We're currently using pjproject-2.5.5, configured asterisk-13.11.2 with bundled pjproject (--with-pjproject-bundled).

From what I can tell your patch could also be applied to pjproject-2.5.5 as the function on_timer(pj_timer_heap_t *th, pj_timer_entry *te) is unchanged between pjproject-2.4.5 and pjproject-2.5.5.

I will give it a try!

By: Dade Brandon (dade) 2016-09-18 14:15:03.586-0500

@one47
Hi Steve,

If that patch is working, is there any chance of submitting it to pjproject, or maybe in to the bundled pjproject? (I think @jcolp could confirm if we can patch the bundled pjproject directly in the asterisk repository, or if alternatively it has to go through github.com/asterisk/pjproject -- I wasn't even aware that Asterisk 13 still had a bundled copy of pjproject.)

The pjproject bundled with asterisk-11, which doesn't use group locks, looks like this:

```
/* Release mutex in case app destroy us in the callback */
ice_status = ice->ice_status;
on_ice_complete = ice->cb.on_ice_complete;
has_mutex = PJ_FALSE;
pj_mutex_unlock(ice->mutex);

/* Notify app about ICE completion*/
if (on_ice_complete)
(*on_ice_complete)(ice, ice_status);
```

lower down in this function, it does not re-acquire ice->mutex, so I imagine that your patch, which released but does not re-acquire, is also correct, although I don't fully understand the differences between the group lock ice->mutex lock.

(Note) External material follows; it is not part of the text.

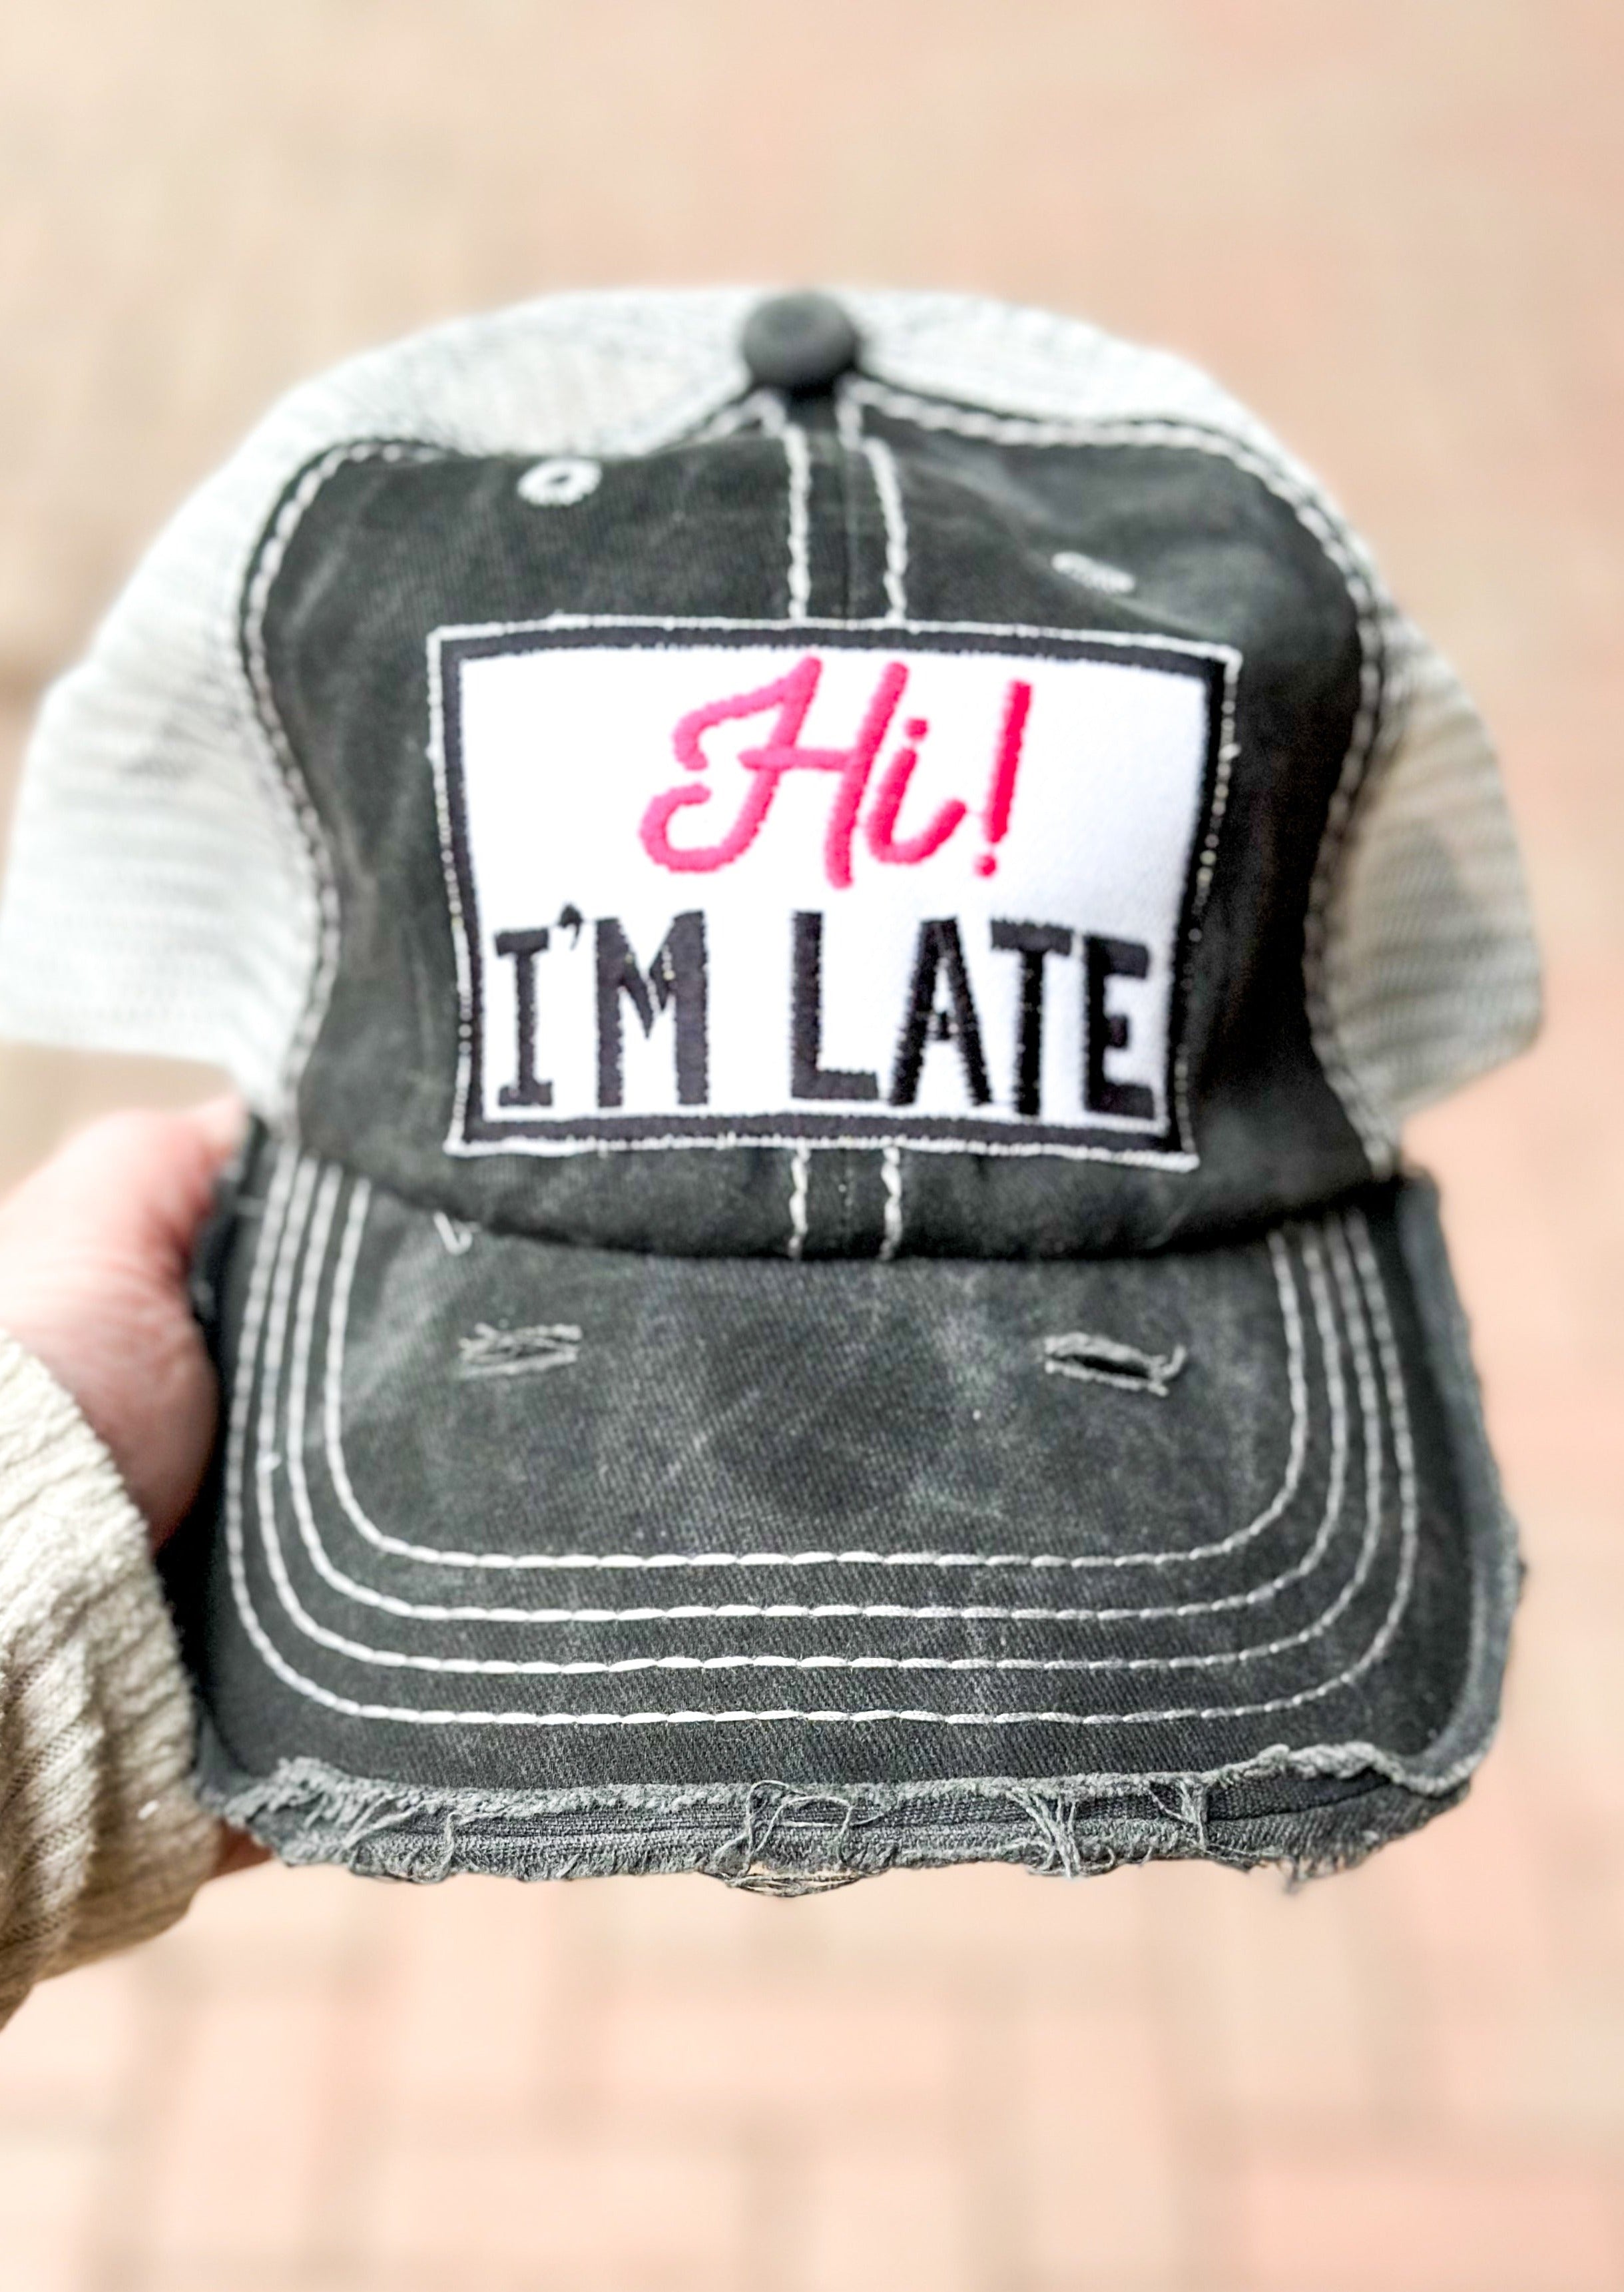 Charcoal trucker hat with white netting - patch attached that says Hi! I'm late.

Before looking at the older pjproject code, I assumed that your suggested pjproject patch should have been first checking to see if the lock had already been acquired before releasing, and then also re-acquiring after the on_ice_complete callback (which may still be the case, but I doubt it..?)
By: Joshua C. Colp (jcolp) 2016-09-18 14:30:40.481-0500

All changes should be upstreamed. Patches only exist if a release has not yet been made of PJSIP which includes them, or if we absolutely have to maintain an external patch.